Para quem é capaz de perceber, essa proposta médica já se anuncia nos novos horizontes conceituais, pronta a ensinar ao homem que ele não é uma entidade casual, um mero acidente fenomênico produzido e animado por aleatórias reações biomoleculares, mas sim uma entidade altamente sábia, confeccionada por um domínio abstrato que conhece finalidades e manipula meios para atingi-los, o qual se pode muito bem identificar como sendo o espírito. Essa nova medicina, embasada na visão espiritual da vida e do ser, irá sofrear a excessiva intervenção química e artificial que hoje parece atingir o seu extremo, para buscar soluções mais amenas e naturais, afeitas à organicidade própria da vida, que sempre se mostrou vitoriosa ante as adversidades do planeta. Ela priorizará como essencial no adoecimento e na cura a compreensão do homem como um ser integral, buscando em sua imponderabilidade consciencial as razões últimas para os seus padecimentos. Far-se-á assim uma medicina humanista, aderida prioritariamente ao doente e ao seu mundo emocional, muito mais que à doença em seu sítio orgânico, efeito último de seus distúrbios. Enfim, será uma prática médica que considerará os avanços da especialização e servir-se-á da tecnologia propedêutica disponível, mas aprenderá a ver e tratar o paciente como uma unidade, integrada ao Todo, e exercerá uma atuação sobretudo preventiva. Assim considerada, será a verdadeira medicina da alma, e não apenas a do corpo, como hoje tem sido praticada.
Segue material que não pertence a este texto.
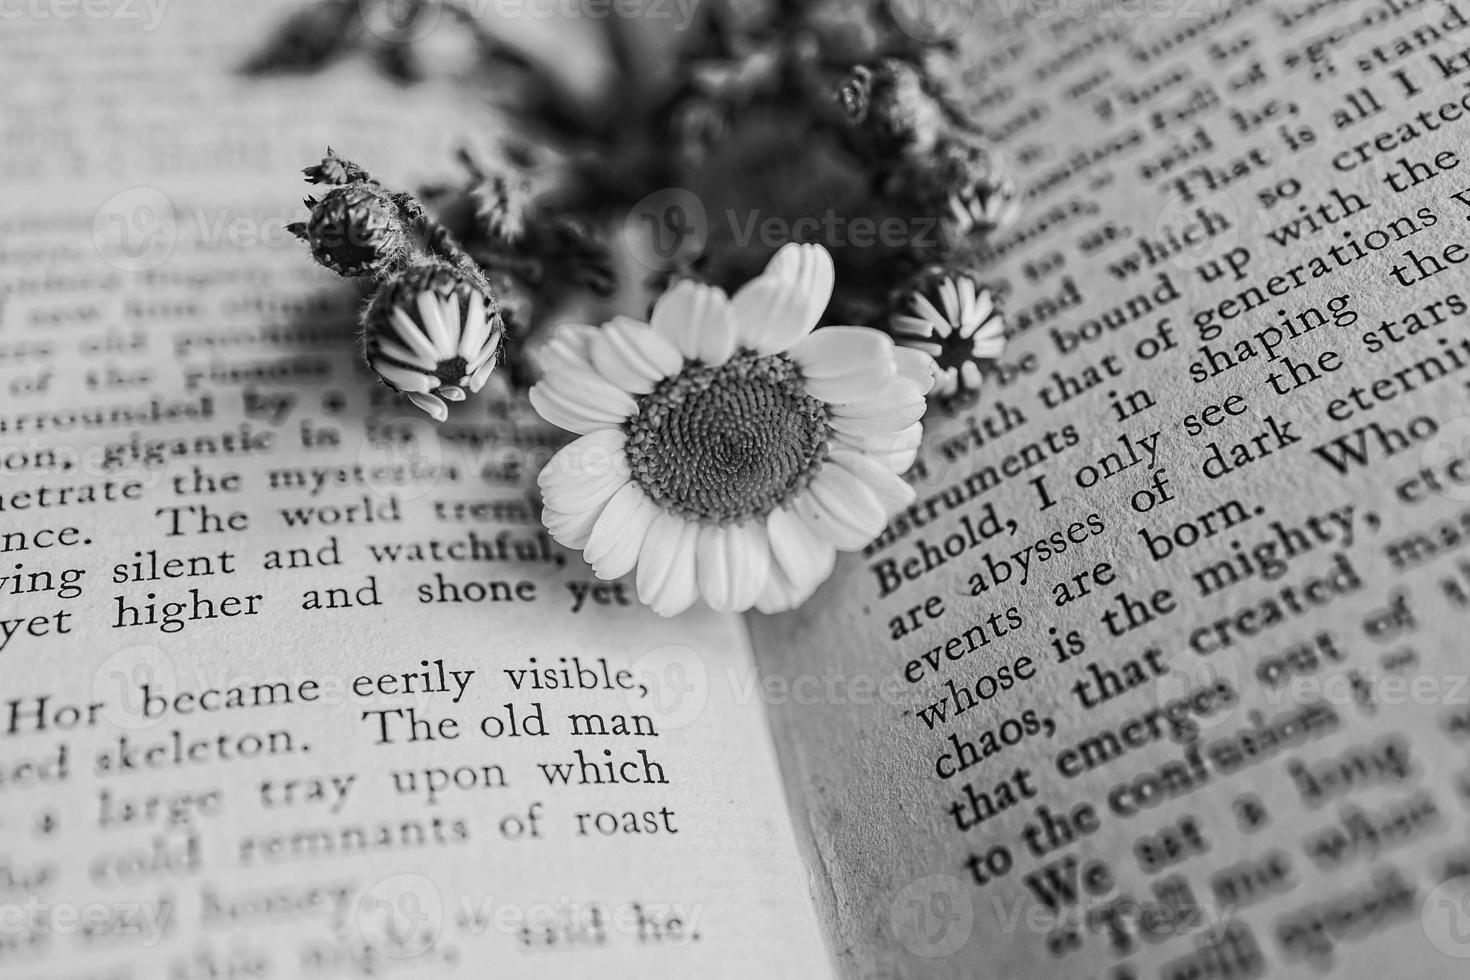 de cerca hermosa pequeño primavera flor margarita manzanilla en el antecedentes de el antiguo libro foto
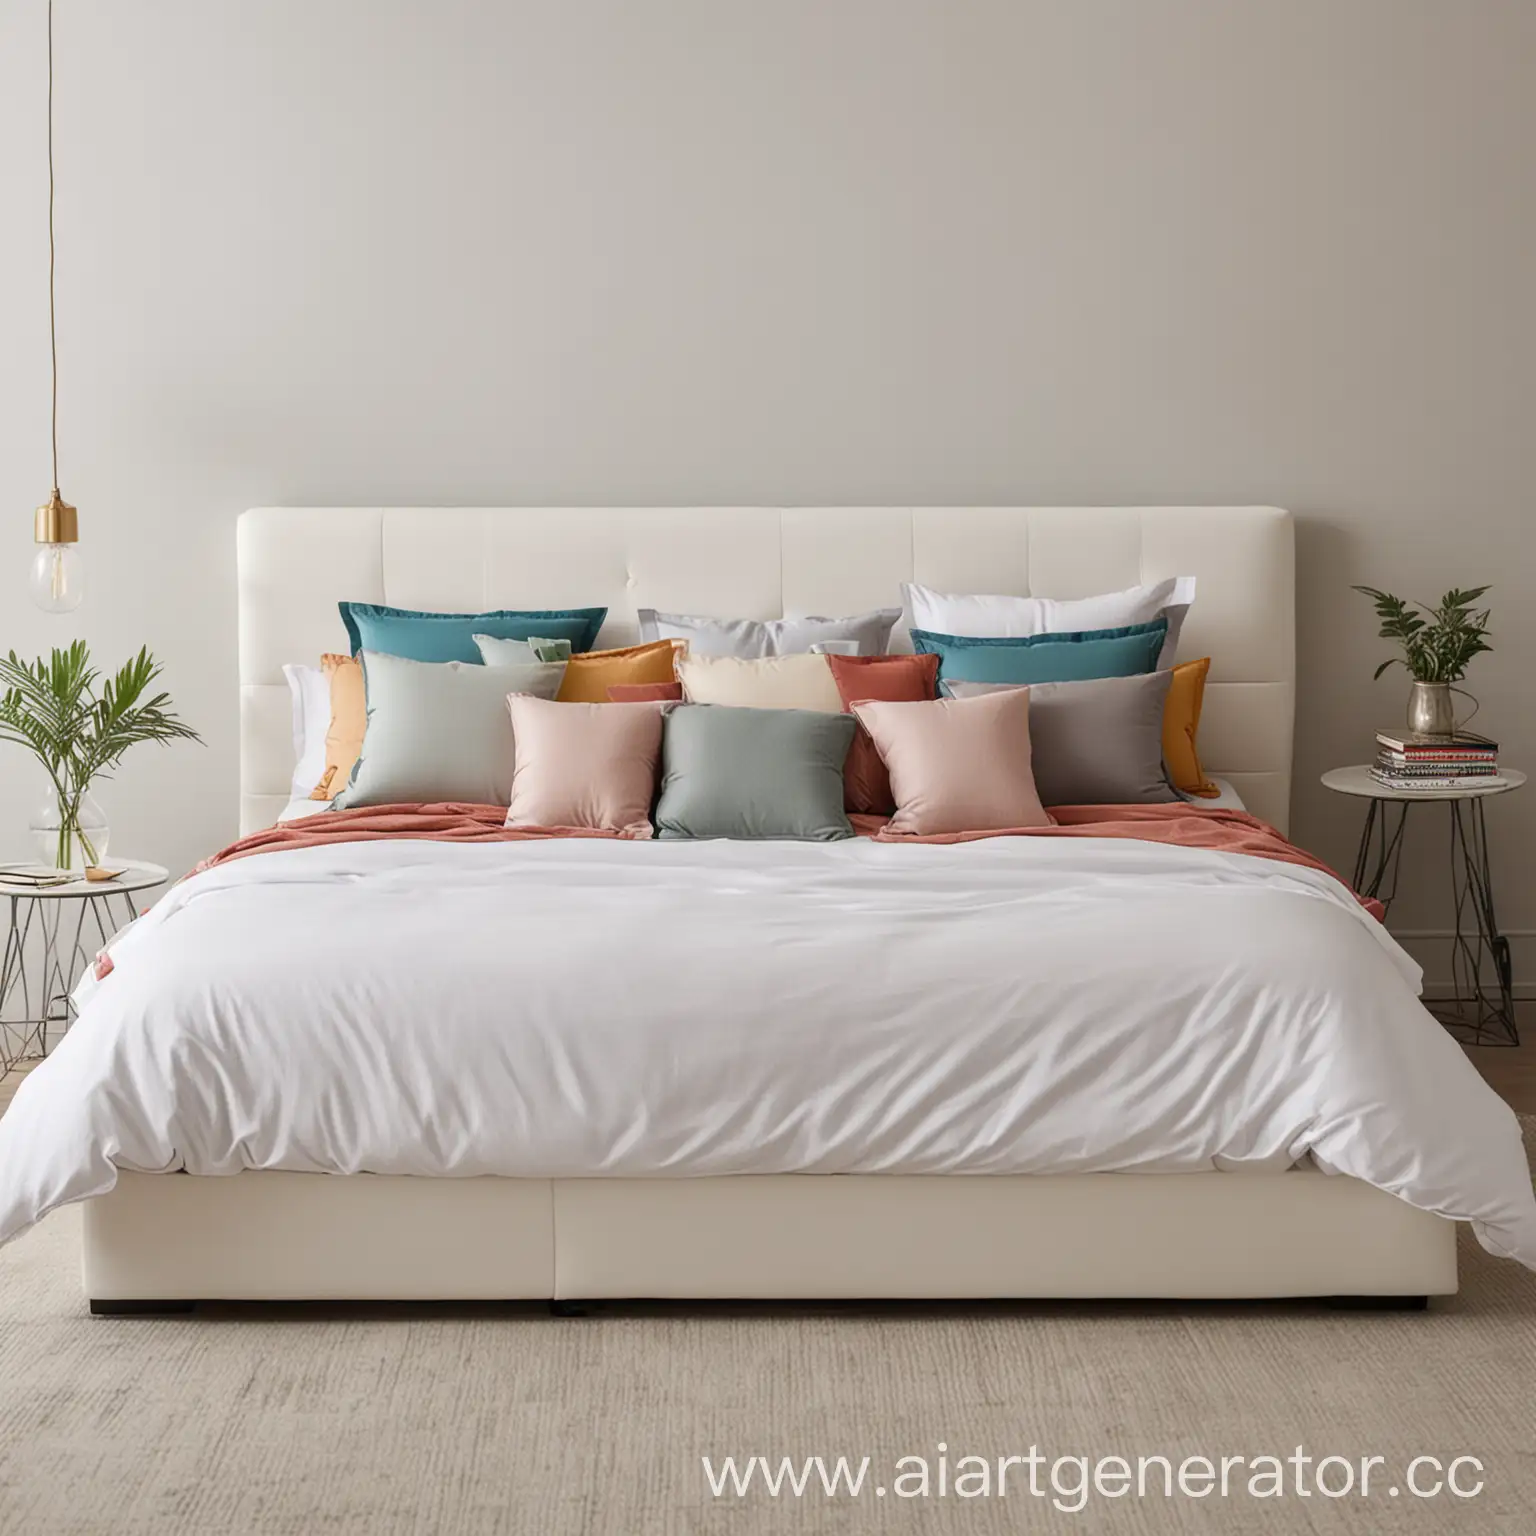 кровать белого цвета с 4 разноцветными подушками  стоящая в комнате

Bafejado por esses anelos, esta obra pretende trazer para os meios acadêmicos evidências de que essa nova visão médica é viável e deve ser levada à sério como caminho de pesquisas. Os diversos artigos aqui apresentados vão desde introduções a medicinas integrativas e complementares, como a homeopatia e a fitoterapia, técnicas terapêuticas inovadoras, como a psicologia transpessoal e a musicoterapia, até os revolucionários conceitos no campo da saúde e da doença, da vida e da morte. São estudos que nos suscitam a existência de um domínio espiritual subjacente, atuante na vida, o qual deve ser considerado determinístico no adoecimento humano e na manutenção de sua saúde.
A despeito de redigido por mestres e doutores, seus textos fazem-se acessíveis a todo estudioso interessado em ampliar conhecimentos, pois os autores se esmeraram ao máximo em evadir-se de terminologia técnica que pudesse dificultar a sua leitura por aqueles que não detêm formação na área de saúde.
Os autores esperam que esta obra alcance a sua finalidade, que é a de estimular todos os afiliados a essa renovadora proposta de compreensão da vida a somar esforços para que espiritualidade se estabeleça como real campo de trabalho na nova medicina que já se anuncia.